The Coreans--Their faces and heads--Bachelors--Married

Being now settled for the time being in Seoul, I must introduce you to
the Corean, not as a nation, you must understand, but as an individual.
It is a prevalent idea that the Coreans are Chinese, and therefore
exactly like them in physique and appearance, and, if not like the
Chinese, that they must be like their neighbours on the other side--the
Japanese. As a matter of fact, they are like neither. Naturally the
continuous incursions of both Chinese and Japanese into this country have
left distinct traces of their passage on the general appearance of the
people; and, of course, the distinction which I shall endeavour to make
is not so marked as that between whites and blacks, for the Coreans,
speaking generally, do bear a certain resemblance to the other peoples of
Mongolian origin. Though belonging to this family, however, they form a
perfectly distinct branch of it. Not only that, but when you notice a
crowd of Coreans you will be amazed to see among them people almost as
white and with features closely approaching the Aryan, these being the
higher classes in the kingdom.
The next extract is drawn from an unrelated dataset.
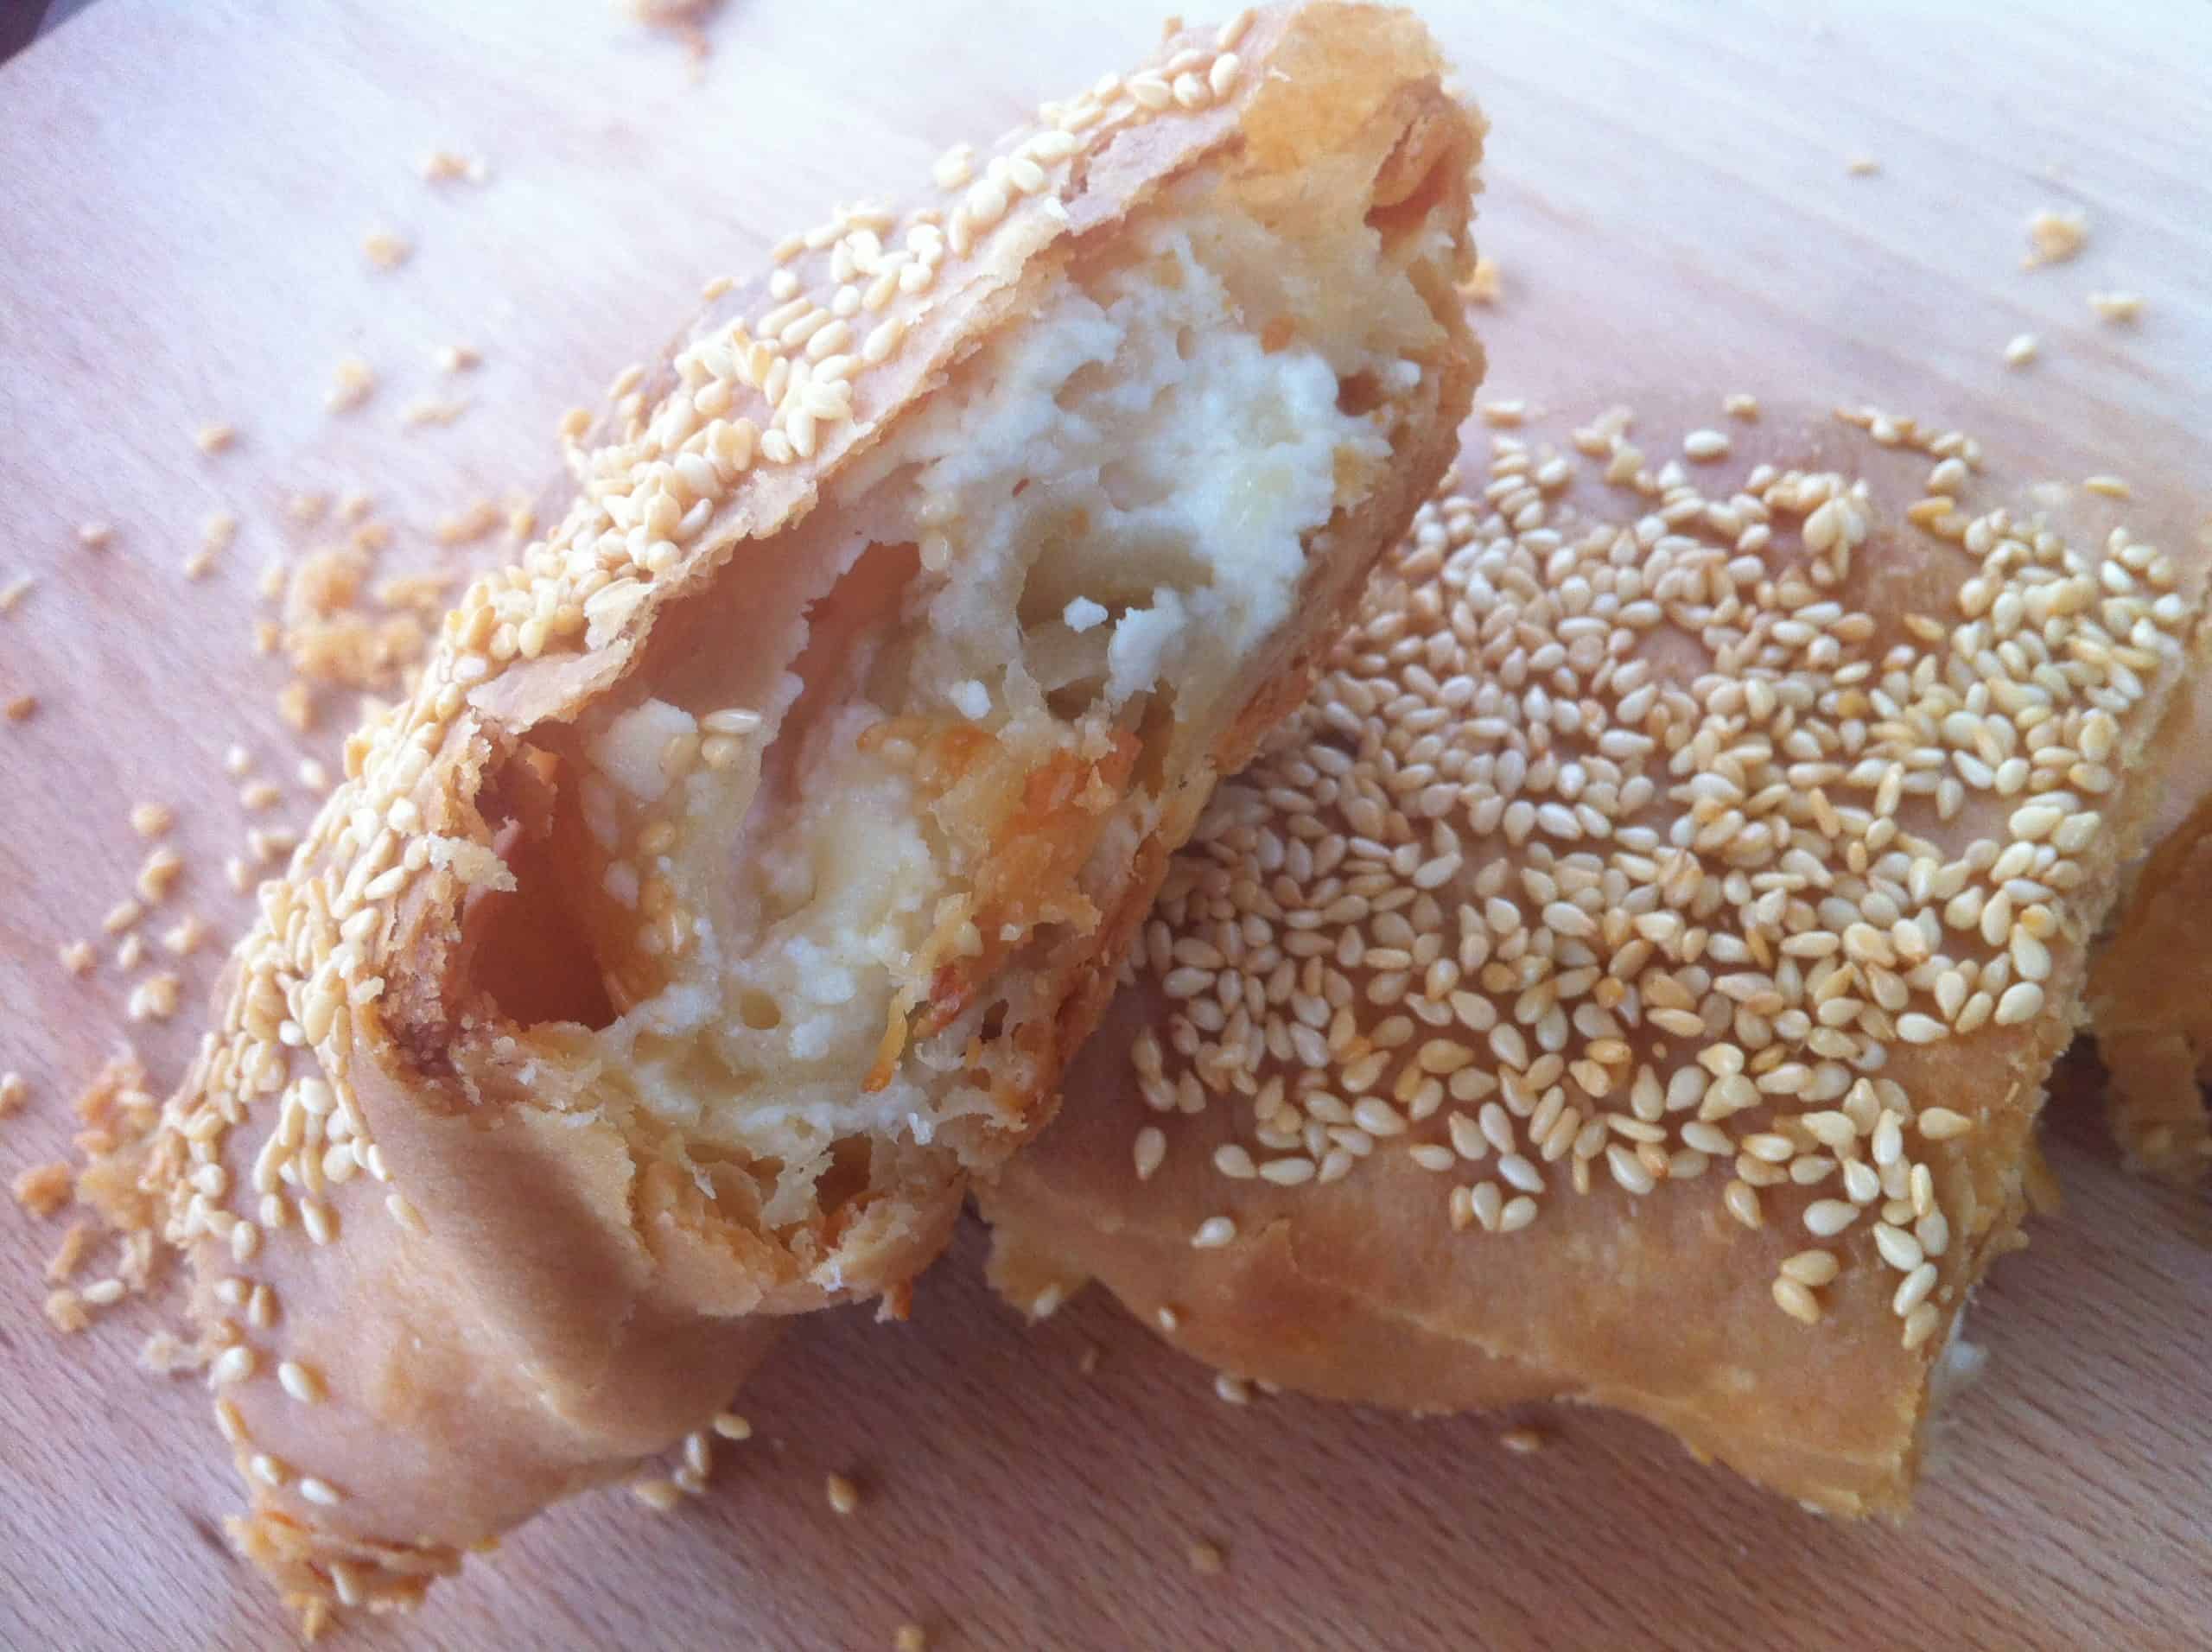 https://www.mygreekdish.com/wp-content/uploads/2013/10/Tiropita-Strifti-Feta-Cheese-Pie-with-Homemade-Phyllo2-scaled.jpg

The more common type is the yellow-skinned
face, with slanting eyes, high cheek-bones, and thick, hanging lips.
But, again, you will observe faces much resembling the Thibetans and
Hindoos, and if you carry your observations still further you will find
all over the kingdom, mostly among the coolie classes, men as black as
Africans, or like the people of Asia Minor.

For any one interested in types and crosses, I really do not know of a
country more interesting than Cho-sen. It seems as if specimens of almost
every race populating Asia had reached and remained in the small
peninsula, which fact would to some degree disprove the theory that all
migrations have moved from the east towards the west and from north to
south, and never _vice versa_.

If you take the royal family of Corea, for instance, you will find that
the king and queen, and all the royal princes, especially on the queen's
side (the Min family), are as white as any Caucasian, and that their eyes
are hardly slanting at all, and in some cases are quite as straight as
ours. Members of some of the nobler families also might be taken for
Europeans. Of course the middle classes are of the Mongolian type, though
somewhat more refined and stronger built than the usual specimens of
either Chinese or Japanese; they are, however, not quite so wiry and tall
as their northern neighbours the Manchus, with whom, nevertheless, they
have many points in common. The large invasions, as we have seen, of the
Ko-korais and Fuyus may account for this.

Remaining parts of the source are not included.